You combine all of that in the league’s biggest, hottest market, and it has the makings of a potential sideshow.

So, in addition to Chayka’s relative inexperience and poor track record as a GM, you have this other, unusual challenge layered on top, where few people around the league are anxious to give him a second chance. This is the pool of execs he is going to need to work with to pull off trades and potentially hire help from, assuming he’s going to turn over some of Toronto’s front office in the coming months. And he will need to win over players and their agents, too, if the Leafs are going to add in free agency or sign players to contract extensions.

“We’re not worried about the outside,” Chayka told Friedman when asked about his reputation serving as an impediment to success. “We’re going to focus on our team and what we can control. In terms of me personally, I’ve always tried to act as professionally as I can, be a good communicator, work with people to understand what they’re looking to do in terms of transactions, and I think if I can continue to do that my history has been I’ve been able to make good transactions for the team. That’s my focus.”

Make no mistake, this was a strange hire by MLSE for a number of reasons, including the fact that Mats Sundin is along for the ride in his first-ever management role with an NHL team. (If anyone acquitted themselves well on Monday, it was the former captain.) But the pressure on Chayka and the Leafs is going to be dialed up to a level well beyond anything he faced in Arizona, with his peers in executive roles and the media all looking for the first signs of failure.

The deck was always going to be stacked against anyone who took on this role given the state of the roster and ownership’s insistence on turning things around quickly, something I believe will be exceptionally difficult. But Monday’s news conference highlighted a few more hurdles and the intense skepticism the Leafs are going to face going forward.

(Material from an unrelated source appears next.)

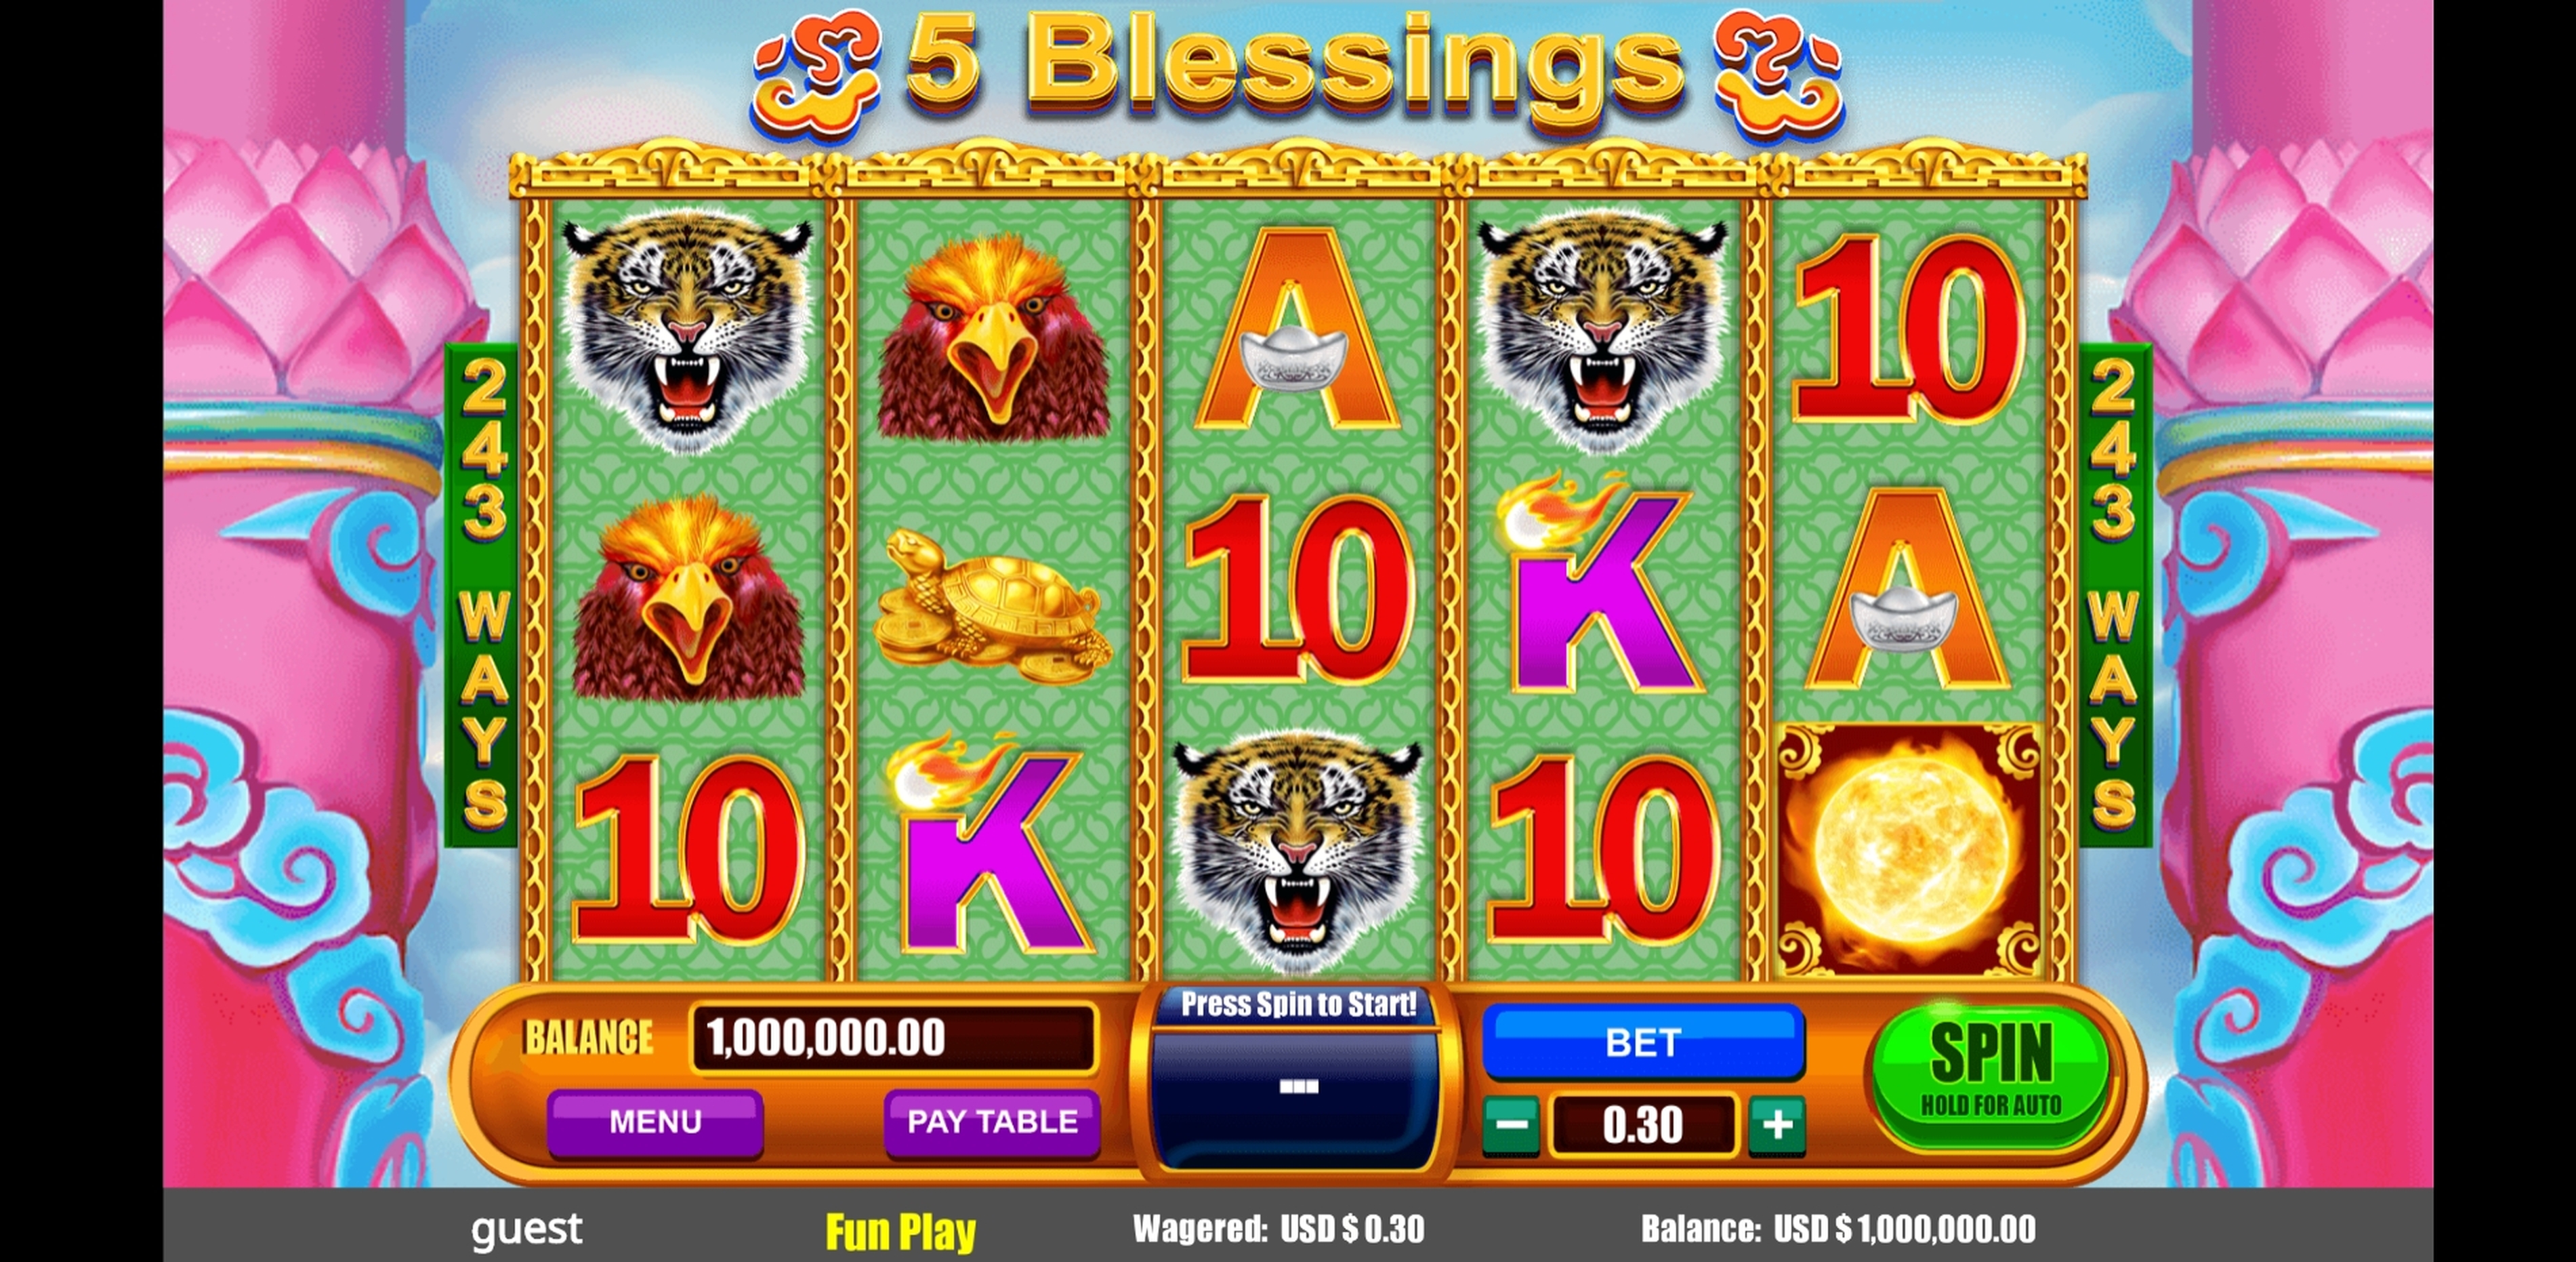 Reels in 5 Blessings Slot Game by August Gaming

A lot of the attention may be on Chayka and his past right now, but if this goes sideways in Toronto, it’s ultimately not going to be on him. It’ll be on an organization that has been adrift for a while now, one that appears caught off guard every time there’s criticism and struggles to explain its actions, even when it comes to something as vital as why it made this hire.

None of it feels like a recipe for success. Only more chaos.